Chico's Tacos, a Love Story

One gringo's desire for an El Paso institution is finally satisfied in New York City

Chico's Tacos, a Love Story
Arthur Bovino

"Out in the West Texas town of El Paso
I fell in love with some Mexican food.
Day-time would find me in old Chico's Tacos;
Eating flautas soaked in a salsa that wooed."

It was 13 years ago that I first had Chico's Tacos in El Paso, Texas. I'd moved there for a month and a half for a change of scene at the invitation of a college friend who had for years waxed poetic about vast blue skies, White Sands, and Mexican food in his West Texas hometown.

It was a long trip. I had $850 to my name and a Greyhound ticket. After two days, three hours, and 55 minutes of sitting next to oversized aislemates, eating fuel-stop food, sleeping as much as humanly possible, and feeling as if there were still days left of watching the road race by with a teenage mother, baby in arm, asleep on my shoulder, I was ready to arrive. More importantly, I was ready to eat. I just didn't know how ready I was for Chico's.

"First thing we need," my friend Fabian Saucedo said at the depot, before we put my bag in the car, "is to get flautas at Chico's. It's the first thing I do when I come home. I need a fix and you need to try them."

No indication of the greatness within. (Photo courtesy J.L. Powers)

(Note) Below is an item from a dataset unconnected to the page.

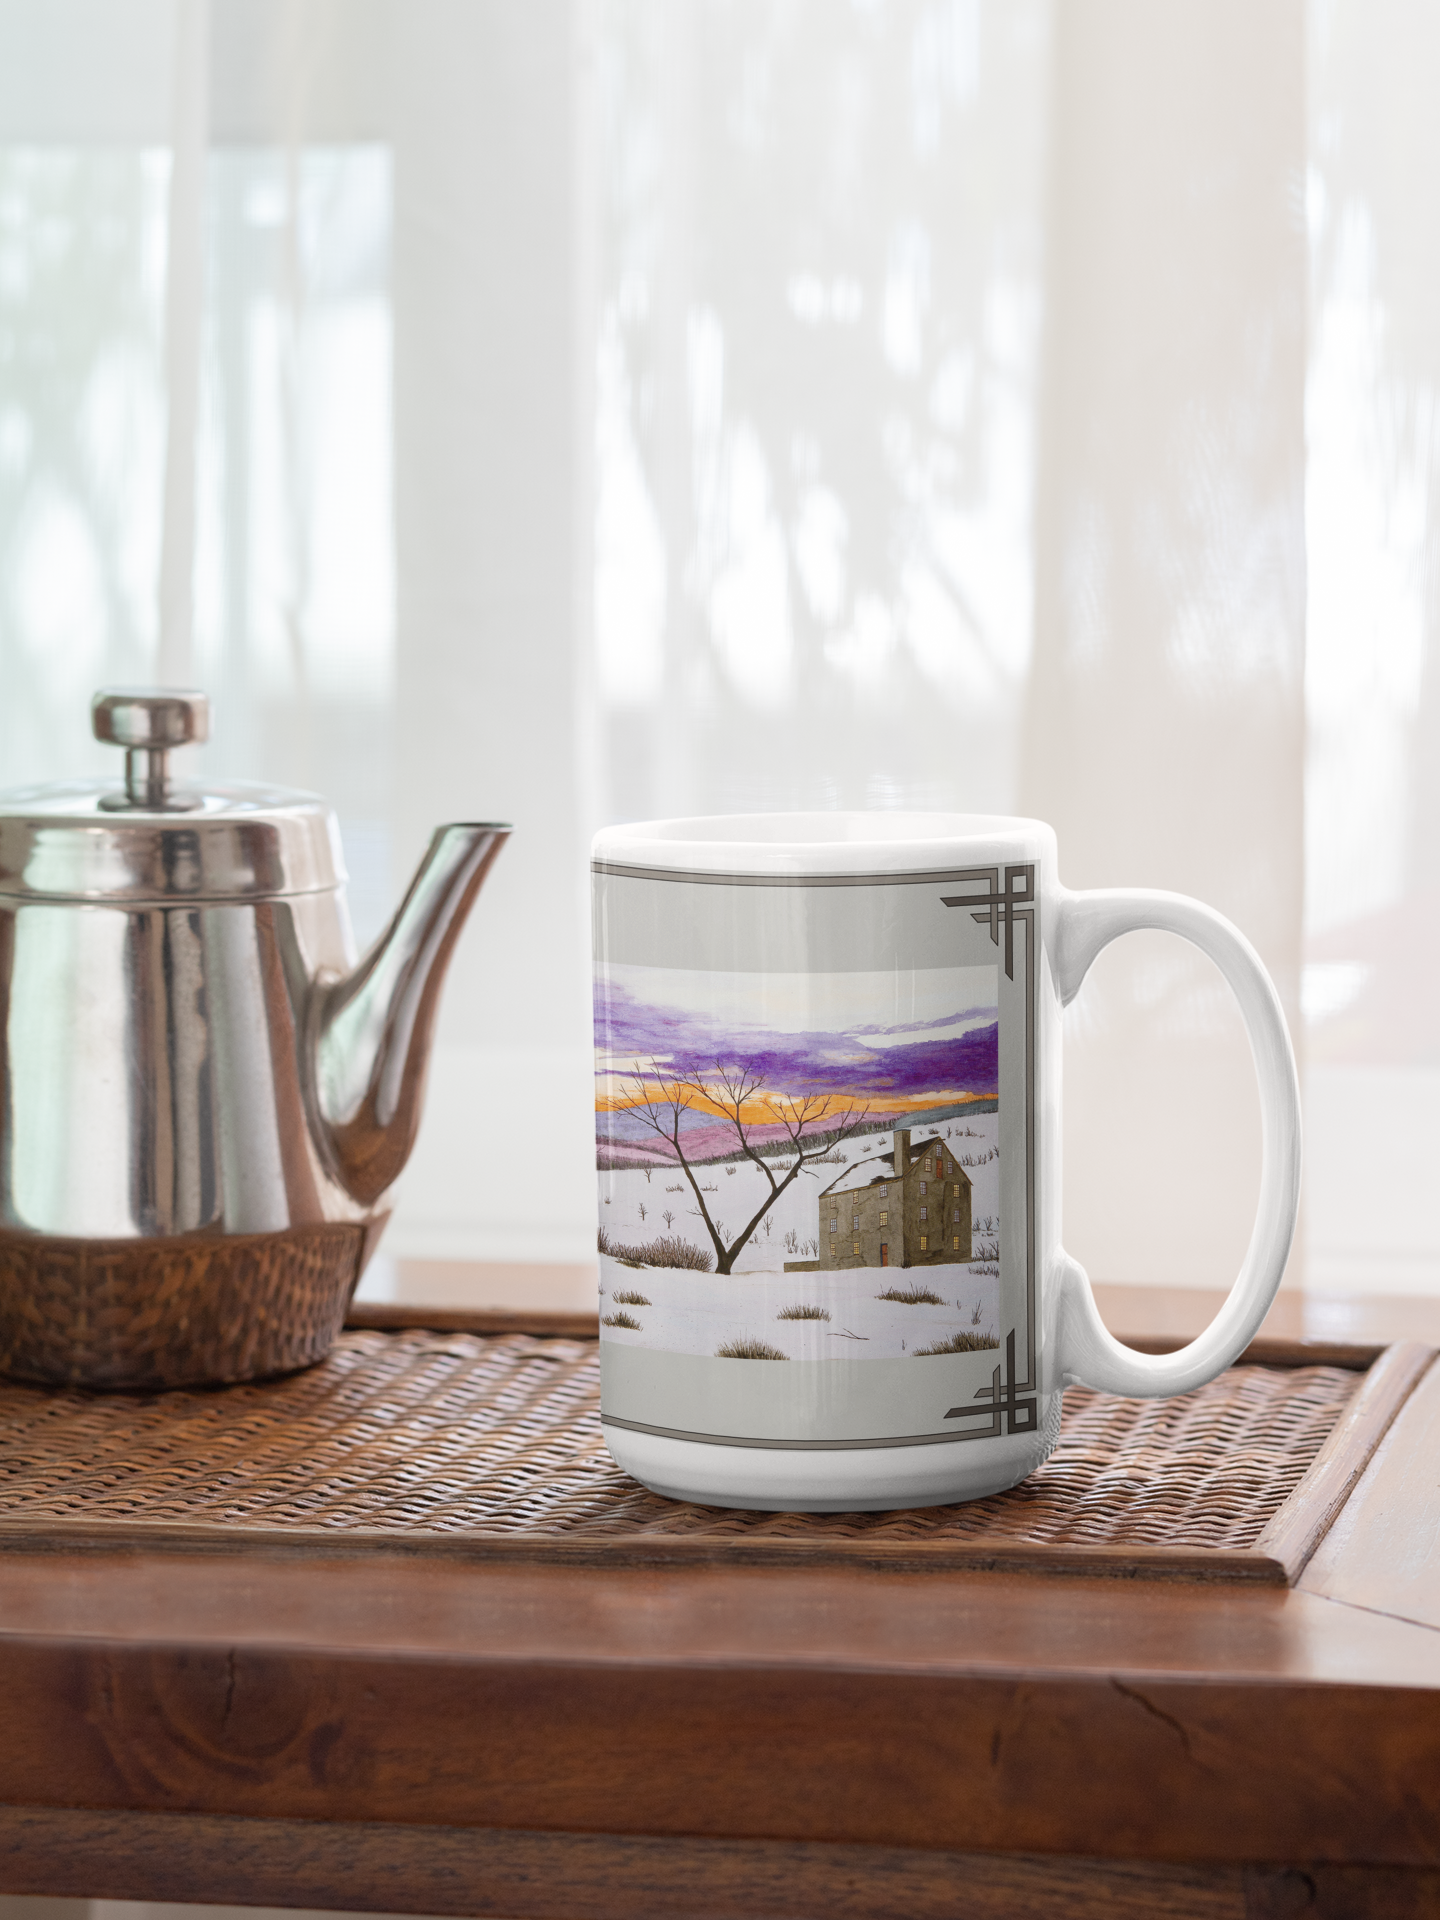 At sunset, this old farmhouse beckons us to come in from the snow and enjoy a mug of hot coffee, tea, or hot chocolate. In Winter, you'll appreciate being inside with your favorite hot beverage in this mug, and on a hot Sumer day, this charming snow scene will be a refreshing sight!      The mug design is a reproduction of an original watercolor by Lee M. Buchanan and has the image on the front and back of the mug.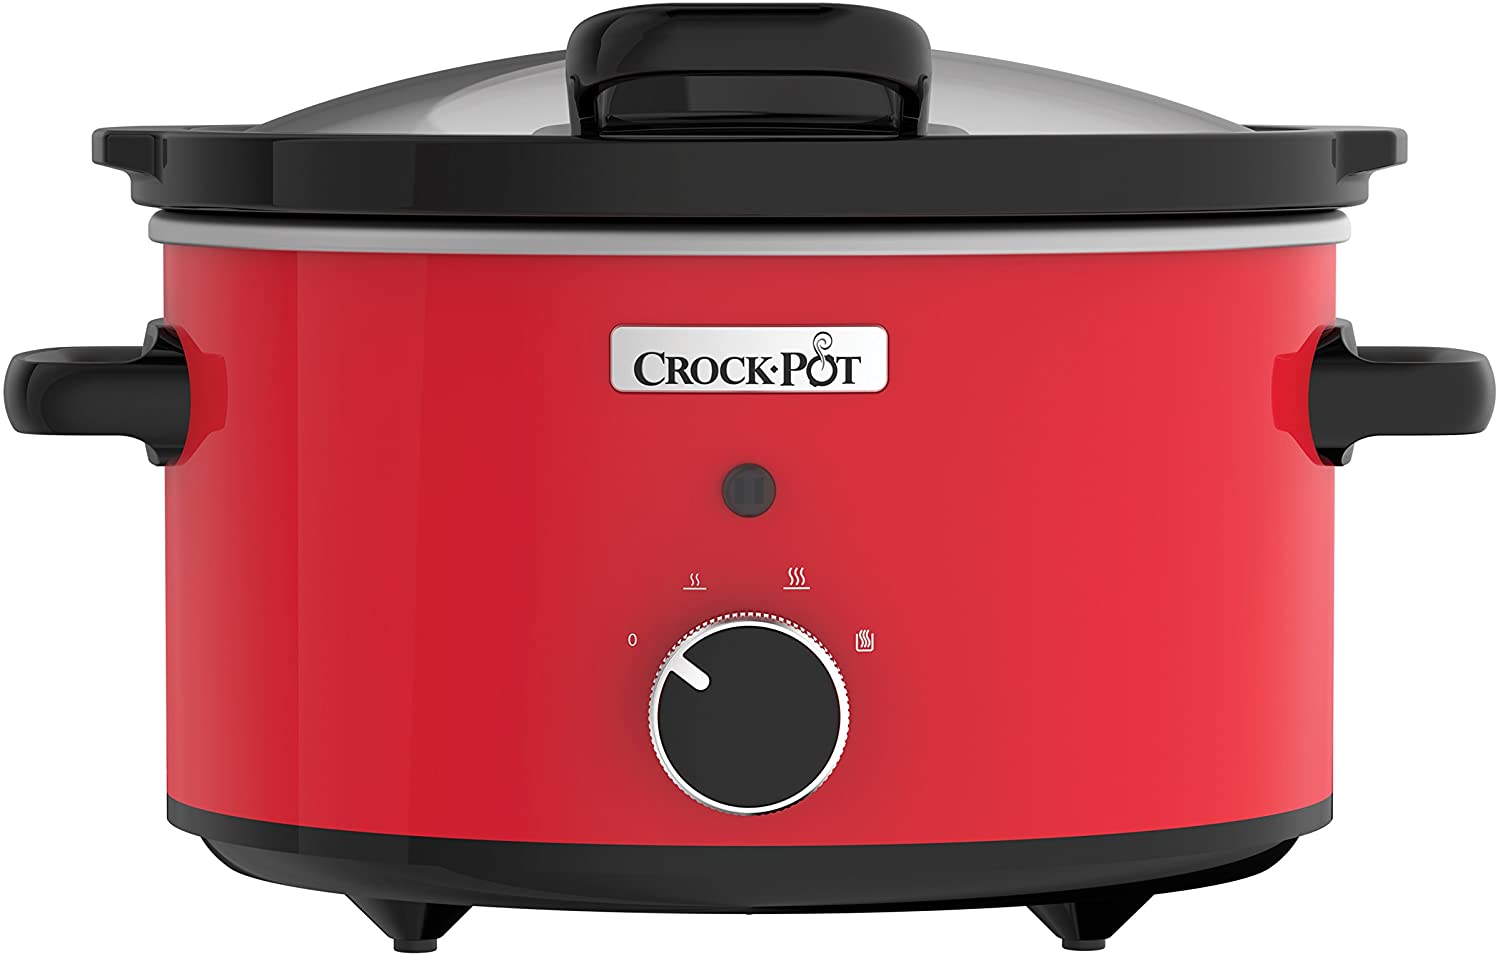 https://www.220stores.com/Shared/Images/Product/Crock-Pot-CSC037-Slow-Cooker-Hinged-Lid-3-5-Liter-3-4-People-Red-220-240-Volt-For-Export/CSC037.jpg

To native El Pasoans, that's a familiar refrain, one that's inspiration began in 1953 when local boxing promoter Joe Mora opened the first Chico's Tacos (his children have run it since his death in 1992). But pulling up to any of the five locations gave visitors no indication that they're about to have a formative Tex-Mex experience.

The signs outside the drab, unimpressive buildings, "CHICO'S TACOS: HAMBURGERS-BURRITOS-HOT DOGS," also gave no indication of the joints' signature dish: three rolled "tacos" containing ground beef, covered in finely shredded cheese, all soaked in translucent red "salsa" in a white cardboard boat, and topped with jalapeño salsa. Expectations are similarly low when the dish is set in front of you.

"What on Earth is this and how badly am I going to pay for it later," I thought as we brought trays of the tacos back to a booth, balancing carefully so as not to spill what could only really be described as red water that was filled almost to the top of the fast-food boat.

There's not much else to see. Take the cheese, for example — government issue? It's so finely shredded you could swear you see powder. And the combination of both almost completely covers the tightly rolled taquitos.

But something happens with that first bite. The "flautas" are crunchy, but soaked in the salsa the crispness begins to give. And though it's more like a thin broth, there's surprisingly good flavor. The heat of the broth melts the cheese, turning it into a hot soupy mess of flavor punched up by the heat of the jalapeño sauce. There's a hot, tailor-made, dip-with-every-bite experience. And there's no need for plastic utensils. You just pick one up, bite, dip, and bite again until they're all gone and you're left with a quarter-inch of cheese and sauce that begs you to drink it. It's addictive.

I was so smitten that while working at The New York Times' Dining Section in 2006, I suggested Chico's Tacos to then restaurant critic Frank Bruni as a stop on his cross-country tour of America's best fast food. They made the cut in his recap of the trip. Bruni's not the only well-known food person to have given Chico's a nod of approval. Chef and Food Network personality Aarón Sanchez, a native El Pasoan, aptly explained on the show The Best Thing I Ever Ate — With My Hands, that this dish that should be "destined for failure," one of the most unattractive things you'll ever see, is also one of the best things you'll ever eat.